**Brief**
When copying the records below, keep every word as it is and drop the images.

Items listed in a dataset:
Start of Block

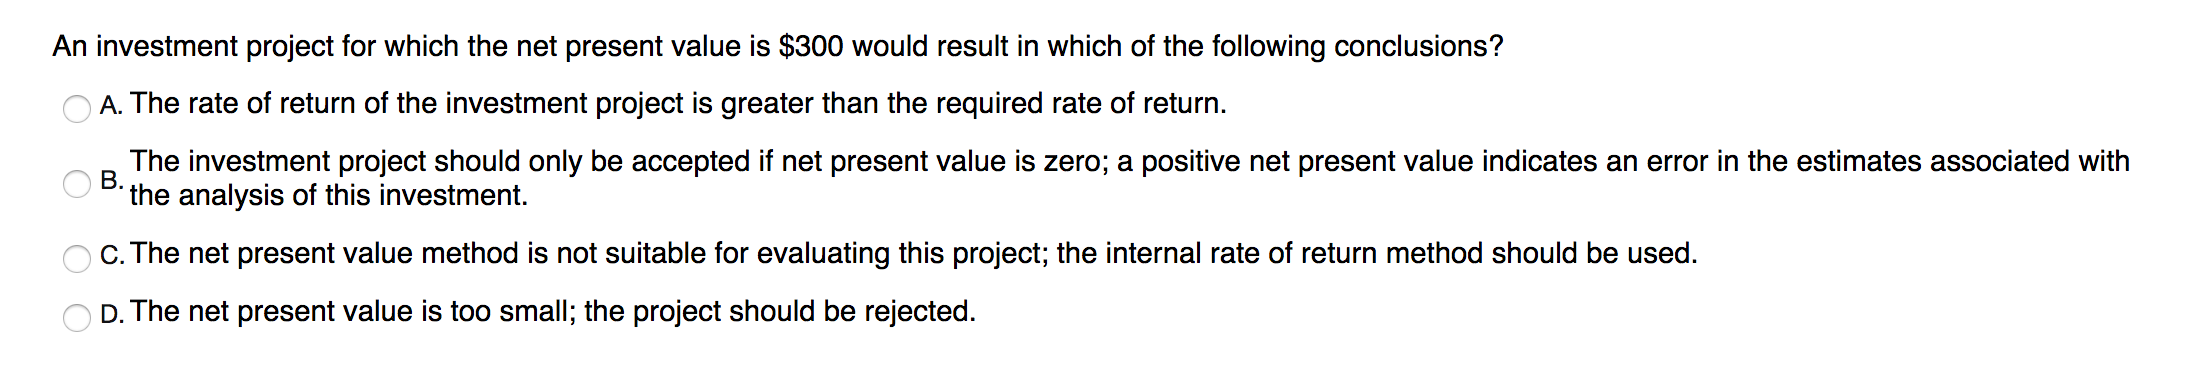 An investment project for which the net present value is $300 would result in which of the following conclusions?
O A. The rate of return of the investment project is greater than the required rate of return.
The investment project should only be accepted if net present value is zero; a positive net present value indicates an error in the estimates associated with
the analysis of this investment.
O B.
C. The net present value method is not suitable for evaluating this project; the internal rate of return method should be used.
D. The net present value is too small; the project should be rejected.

End of Block

**Reply to the task**
 An investment project for which the net present value is $300 would result in which of the following conclusions?
O A. The rate of return of the investment project is greater than the required rate of return.
The investment project should only be accepted if net present value is zero; a positive net present value indicates an error in the estimates associated with
the analysis of this investment.
O B.
C. The net present value method is not suitable for evaluating this project; the internal rate of return method should be used.
D. The net present value is too small; the project should be rejected.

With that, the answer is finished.